- Task details: Give back the data below word for word. Any image in it should be left out.

#### Data below ####

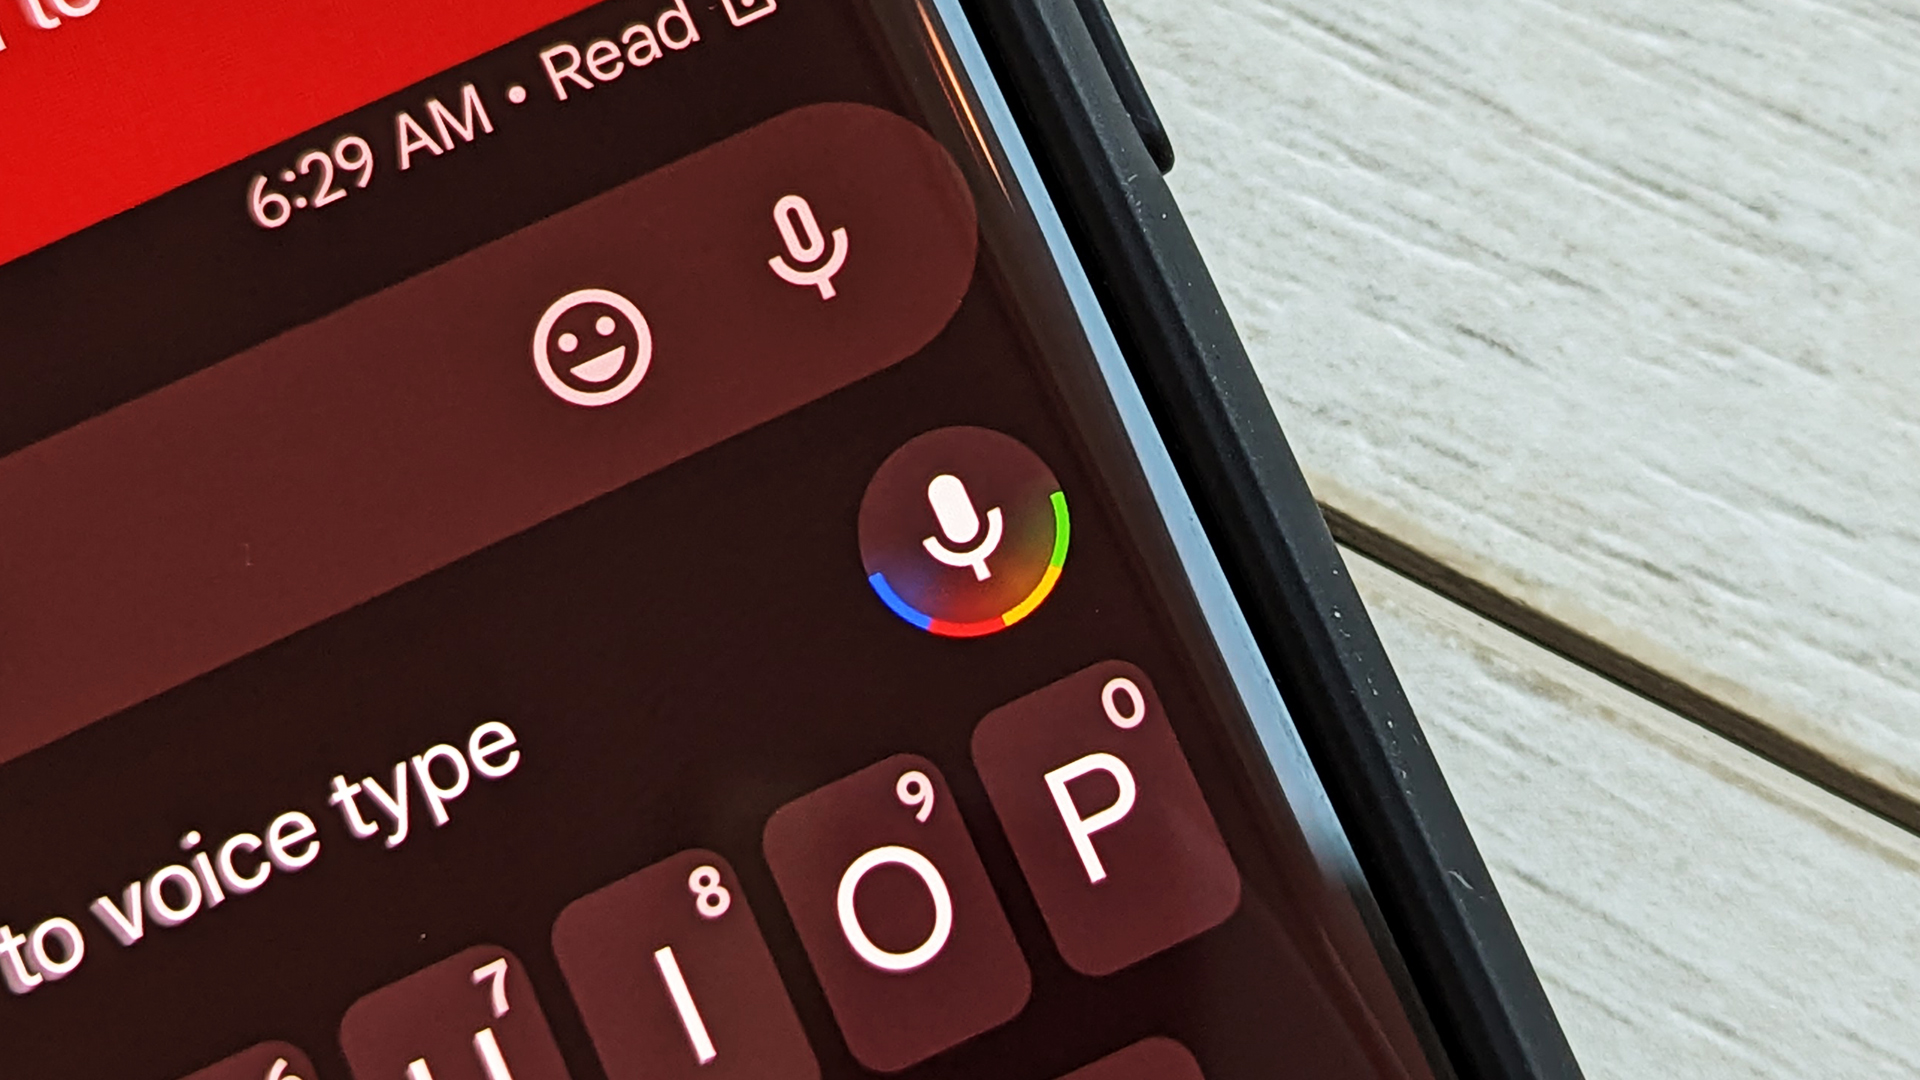 On the voice device to type with the Google Assistant
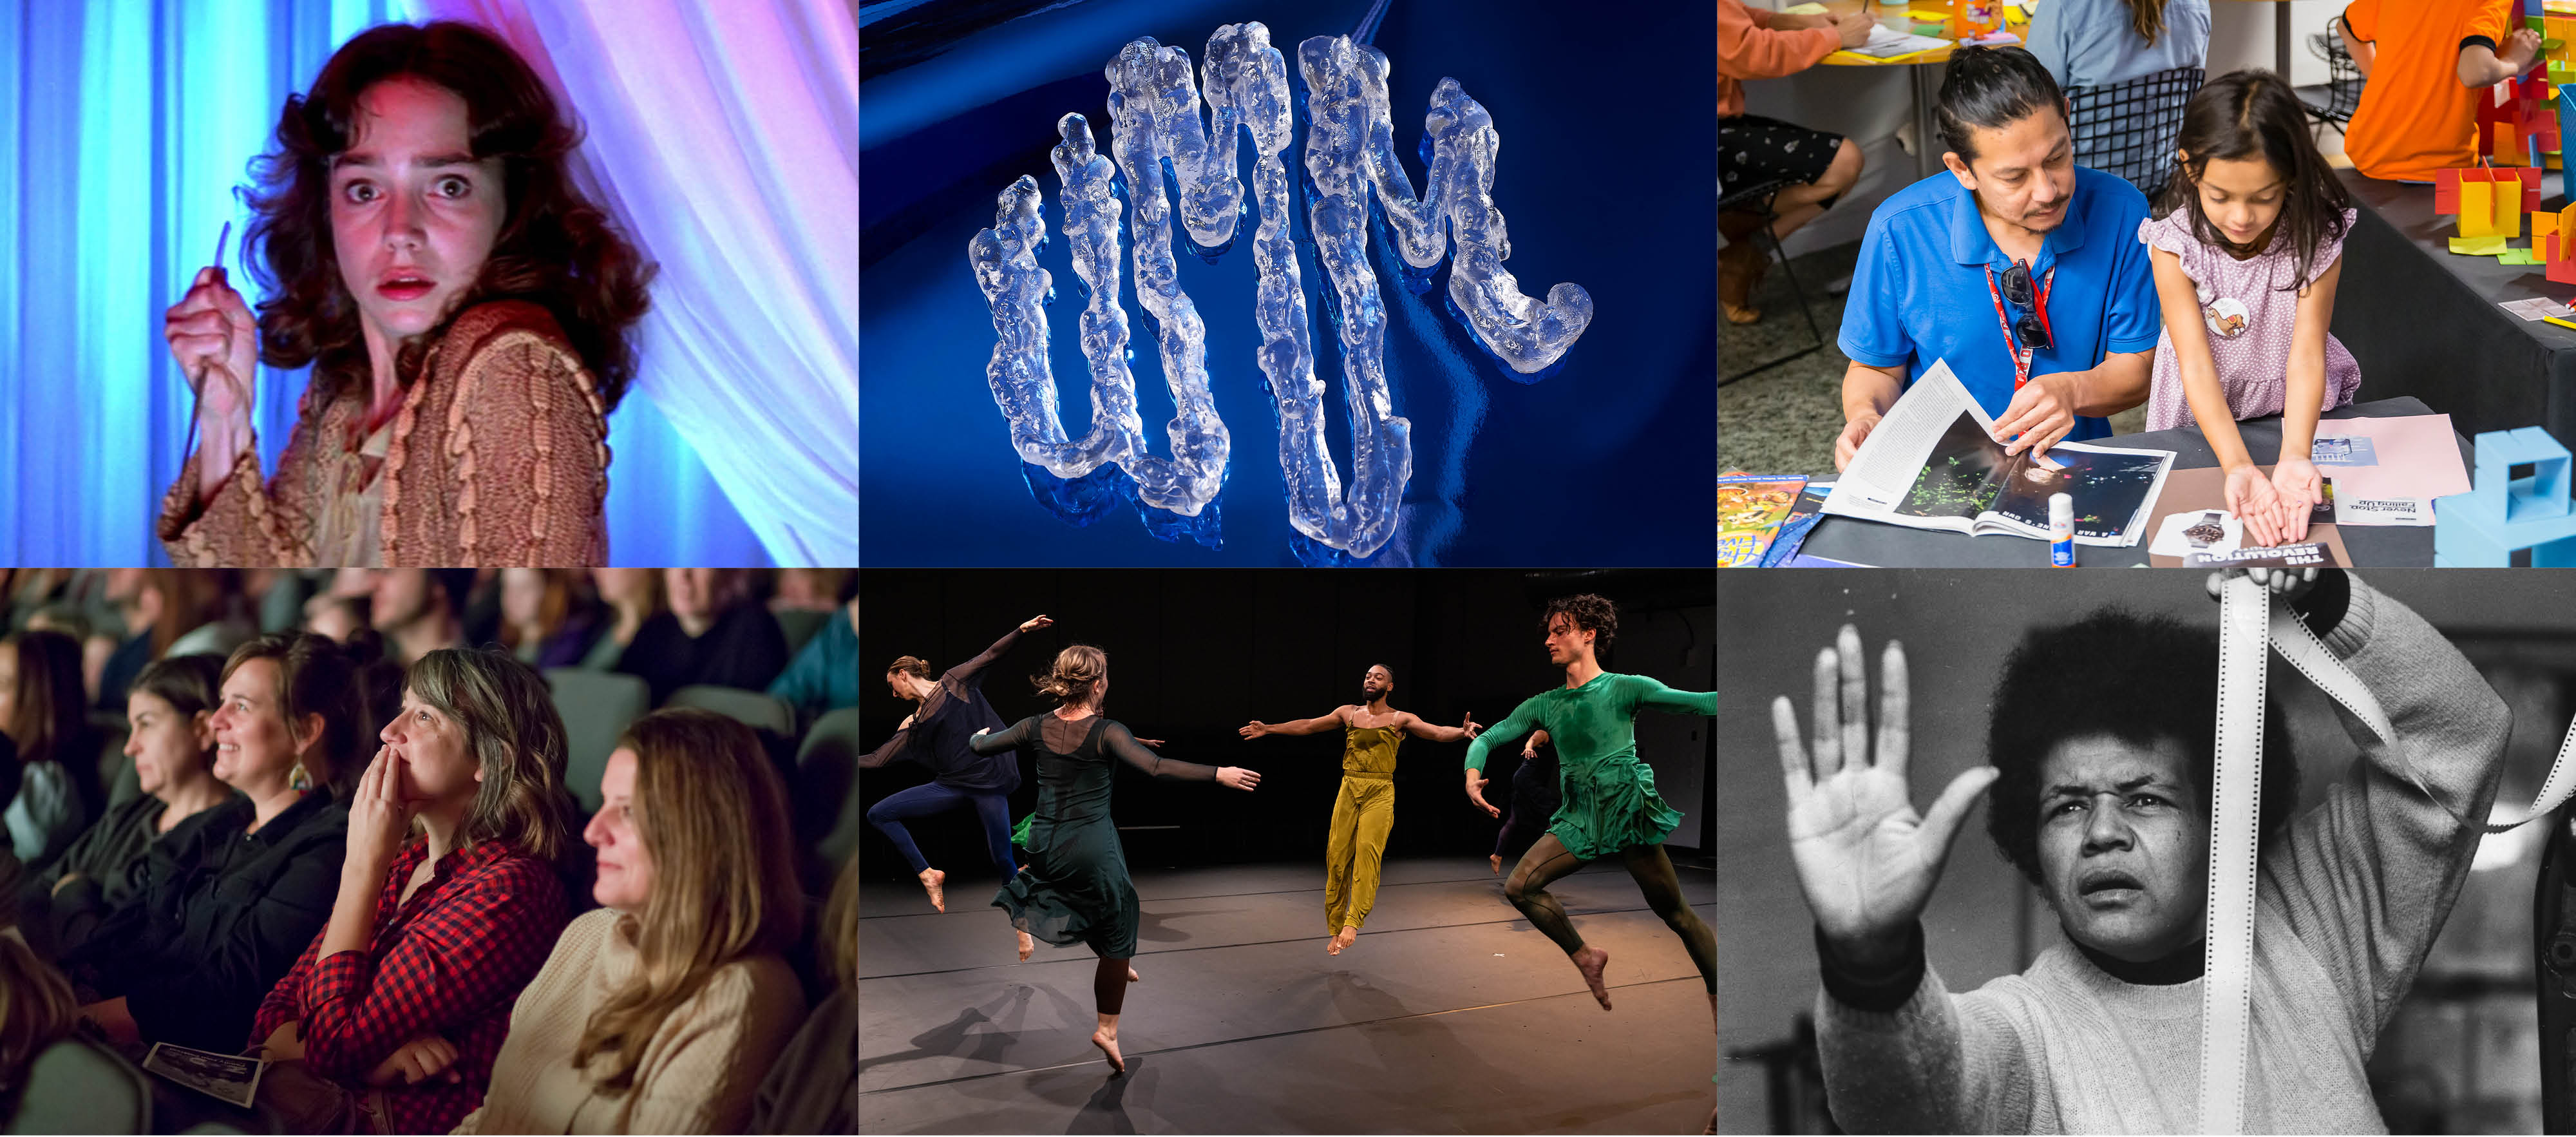 A collage of six images reflecting a range of events coming to the Wexner Center for the Arts in 2023 and 2024
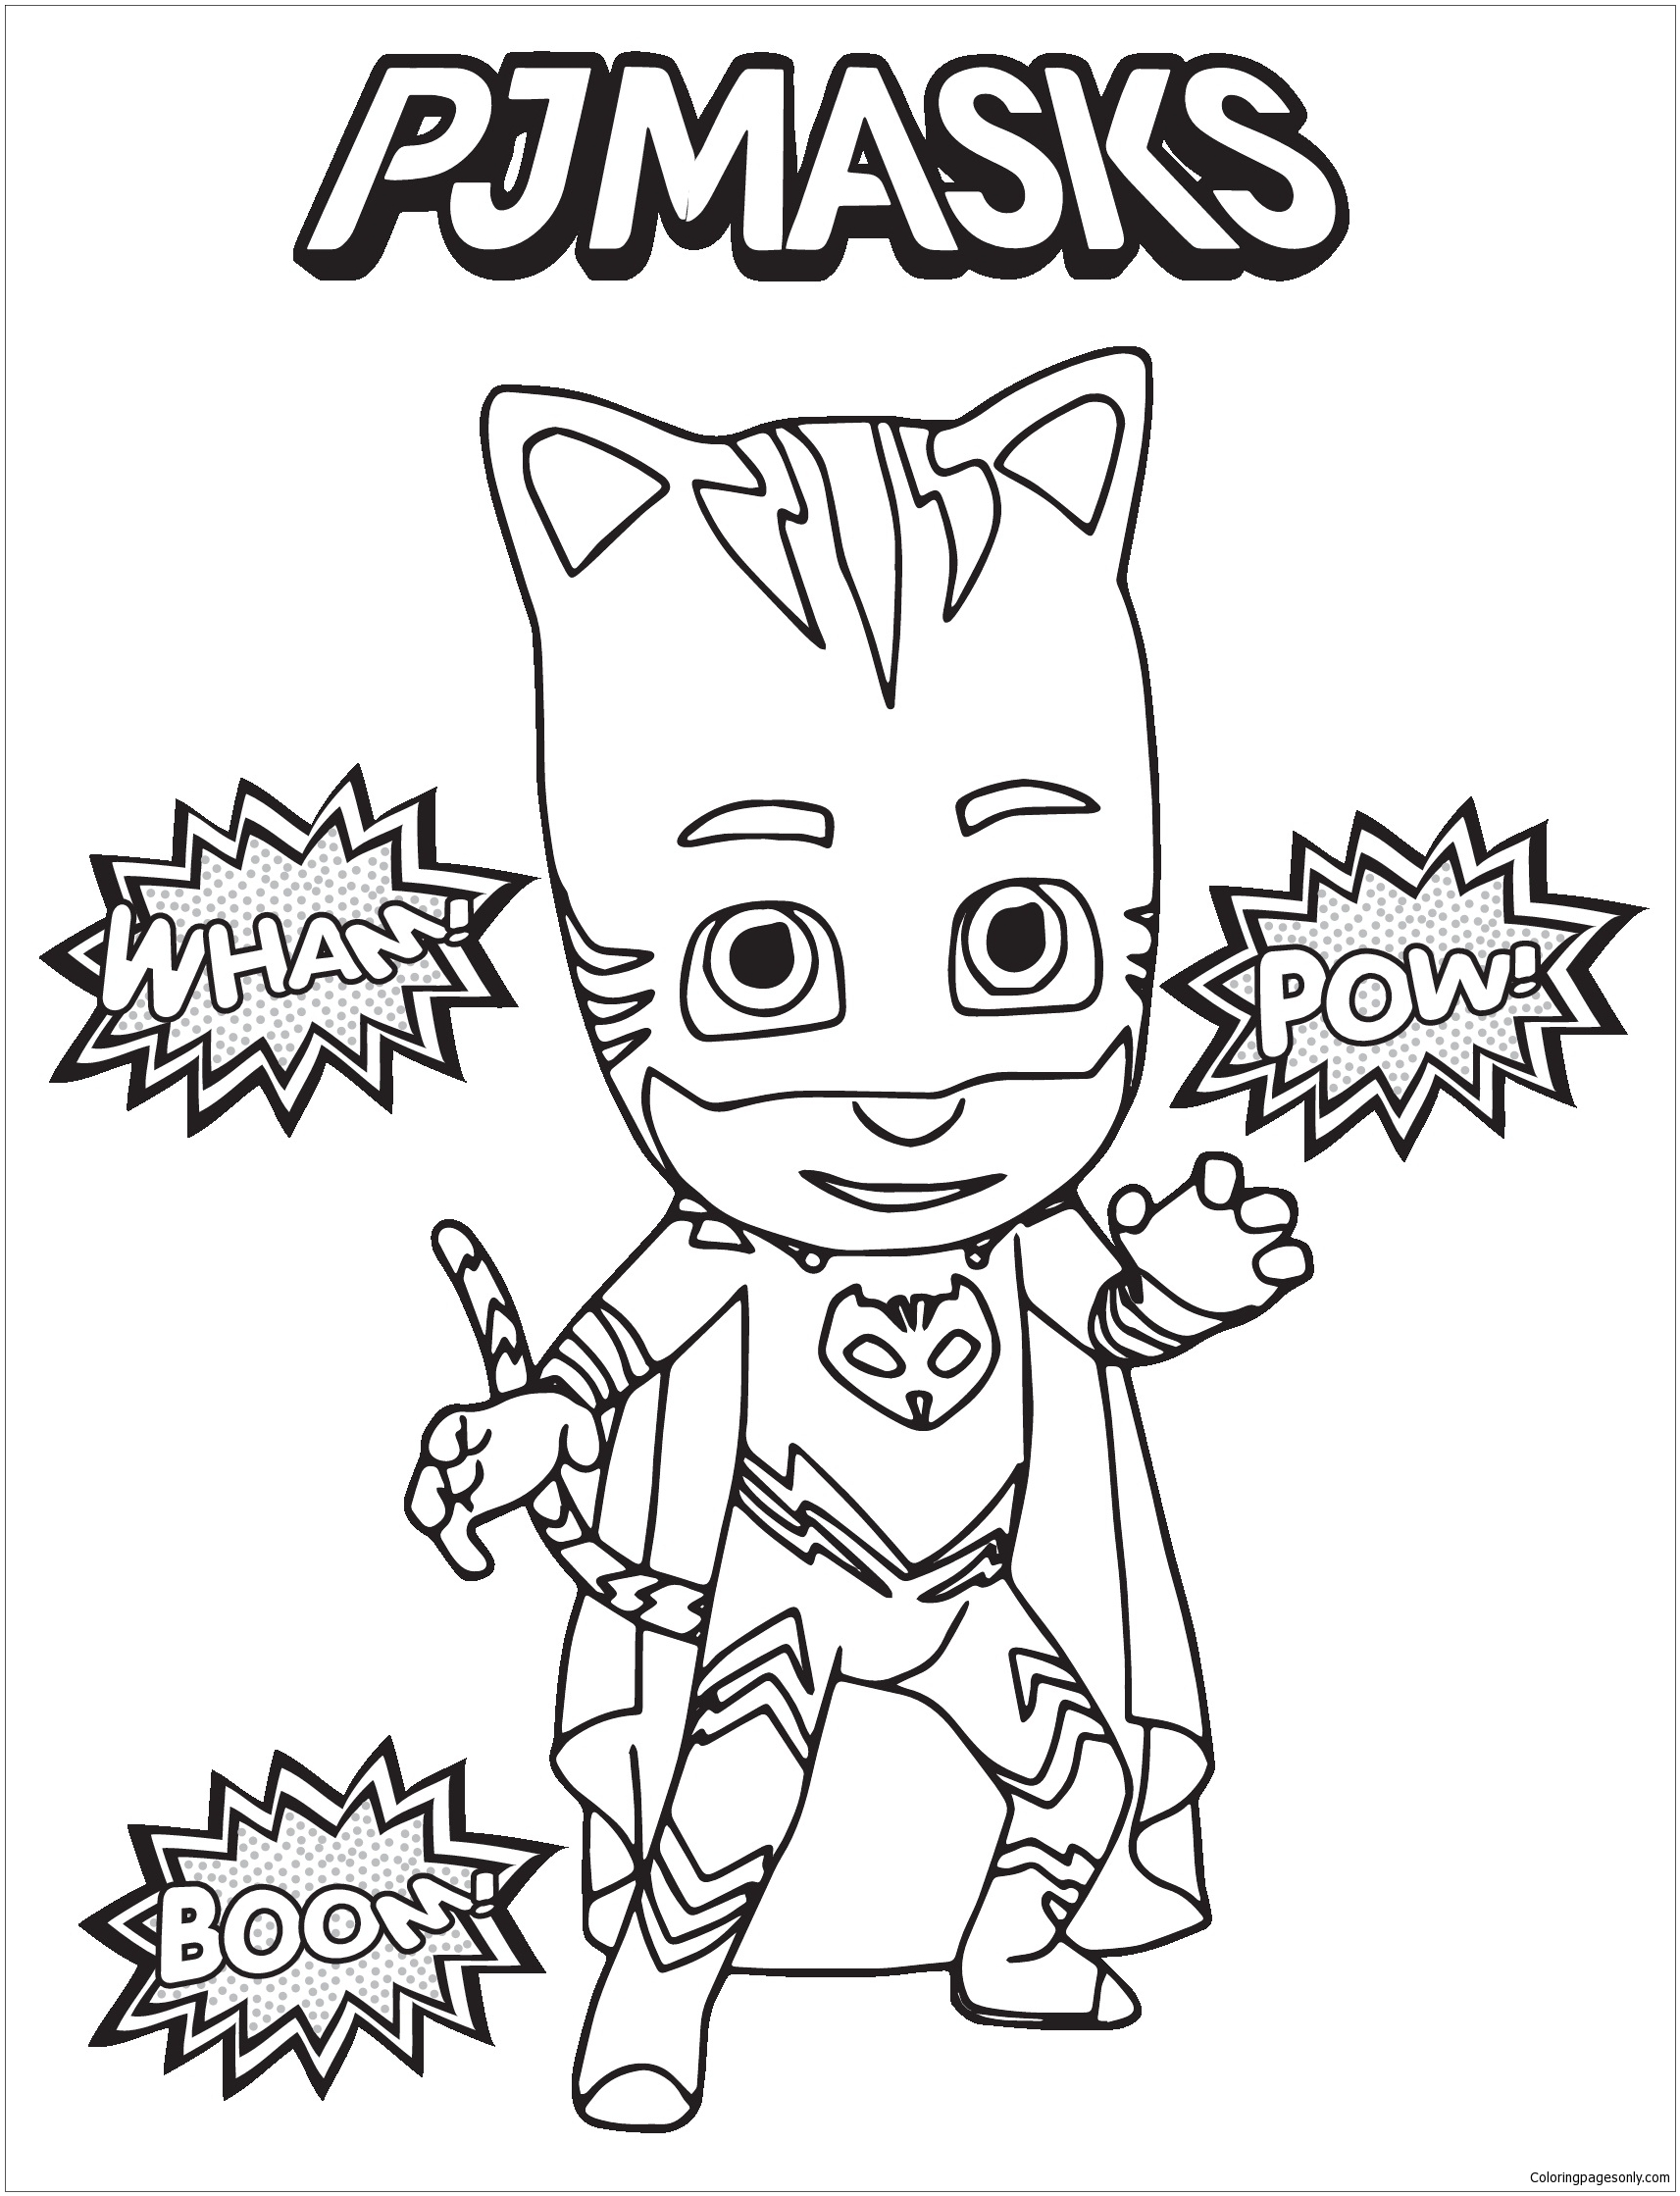 Pj Masks 2 Coloring Page Free Coloring Pages Online

####

- Solution for this exercise:
 On the voice device to type with the Google Assistant
 A collage of six images reflecting a range of events coming to the Wexner Center for the Arts in 2023 and 2024
 Pj Masks 2 Coloring Page Free Coloring Pages Online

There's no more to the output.